● What the task asks: Nothing but the lines below from the one holding "战斗画面：无人机记录俄军T-80B坦克作" up to and including the one holding "Merrillville, IN price changes hikersbay.com" should be copied, exactly and without pictures.

● Listed records:
------
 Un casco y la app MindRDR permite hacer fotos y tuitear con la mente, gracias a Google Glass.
------
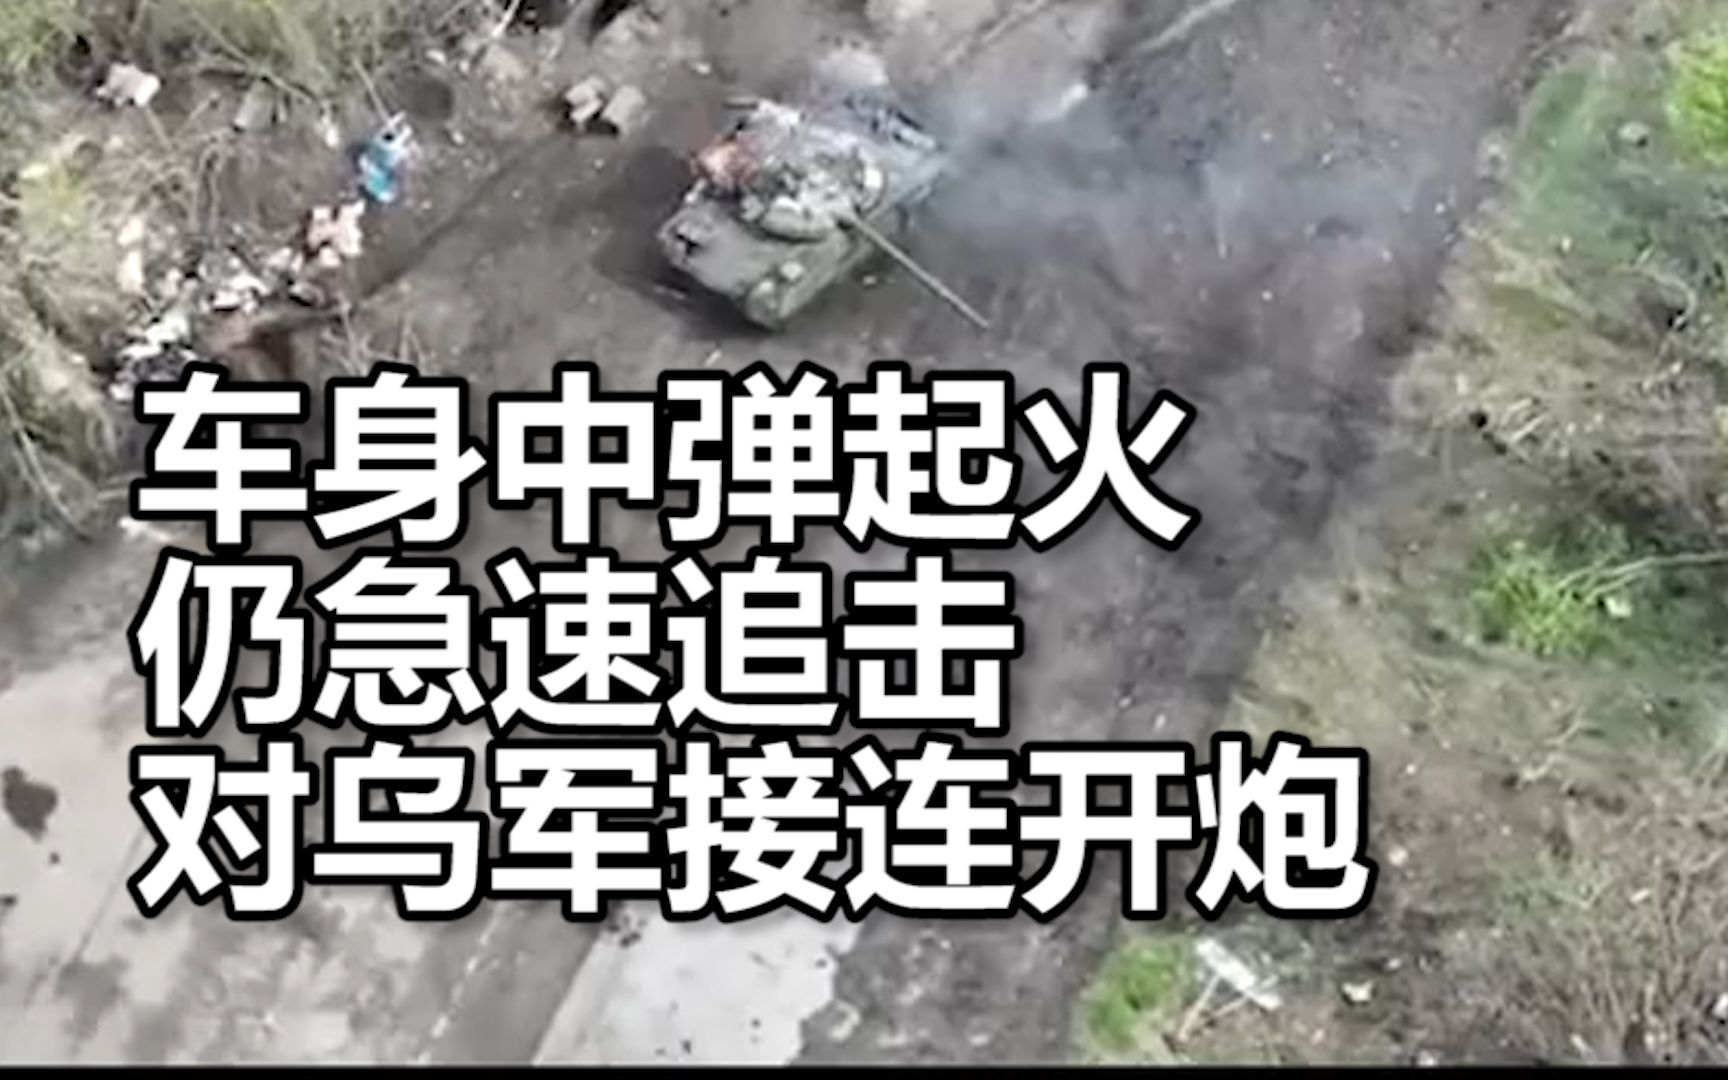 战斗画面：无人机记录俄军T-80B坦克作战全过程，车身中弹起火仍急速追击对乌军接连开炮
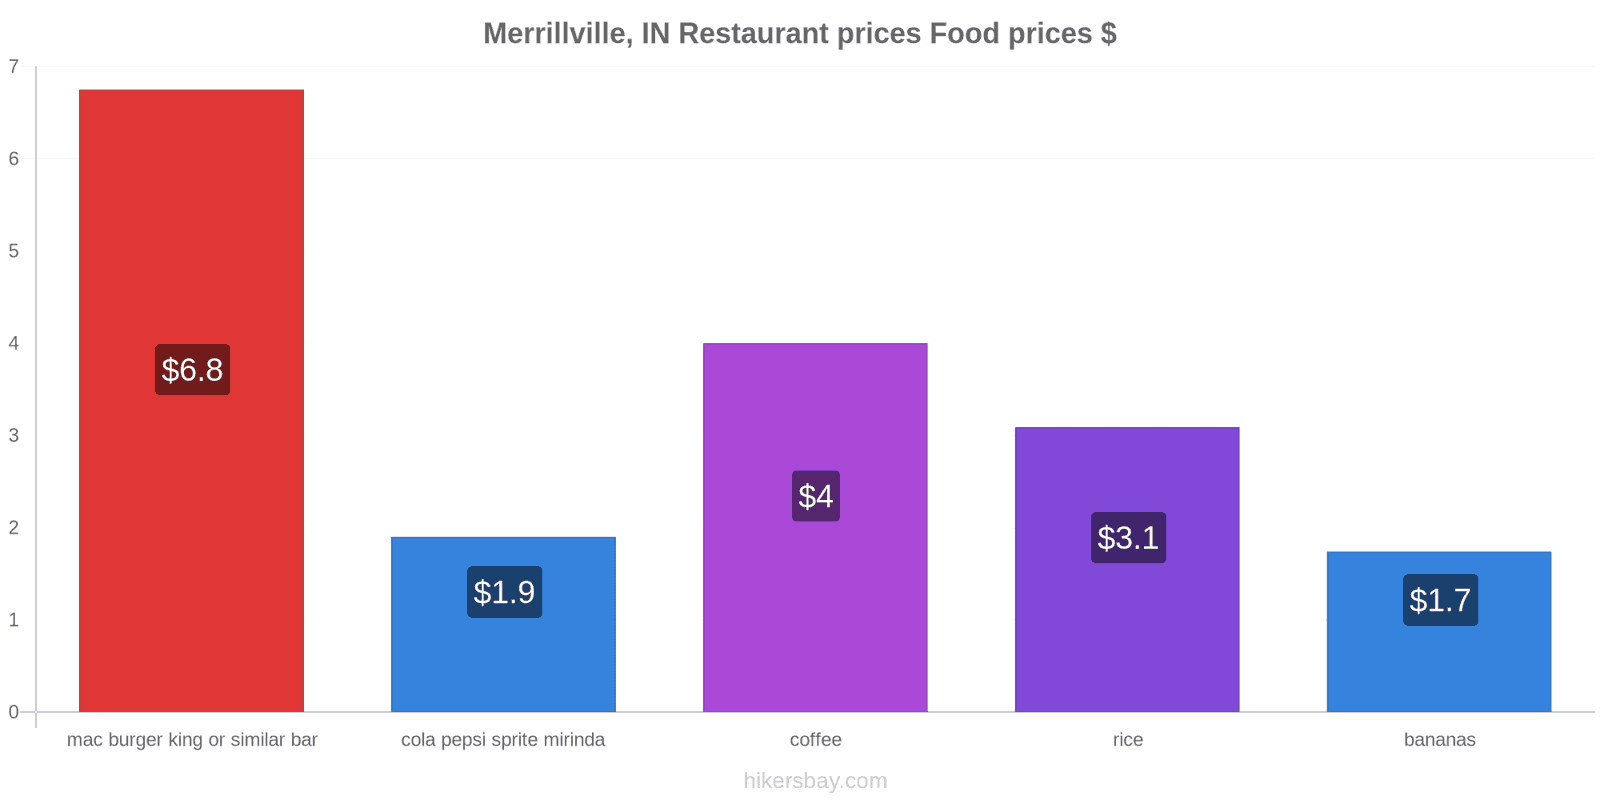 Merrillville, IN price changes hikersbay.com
------
● Solution to this exercise:
 战斗画面：无人机记录俄军T-80B坦克作战全过程，车身中弹起火仍急速追击对乌军接连开炮
 Merrillville, IN price changes hikersbay.com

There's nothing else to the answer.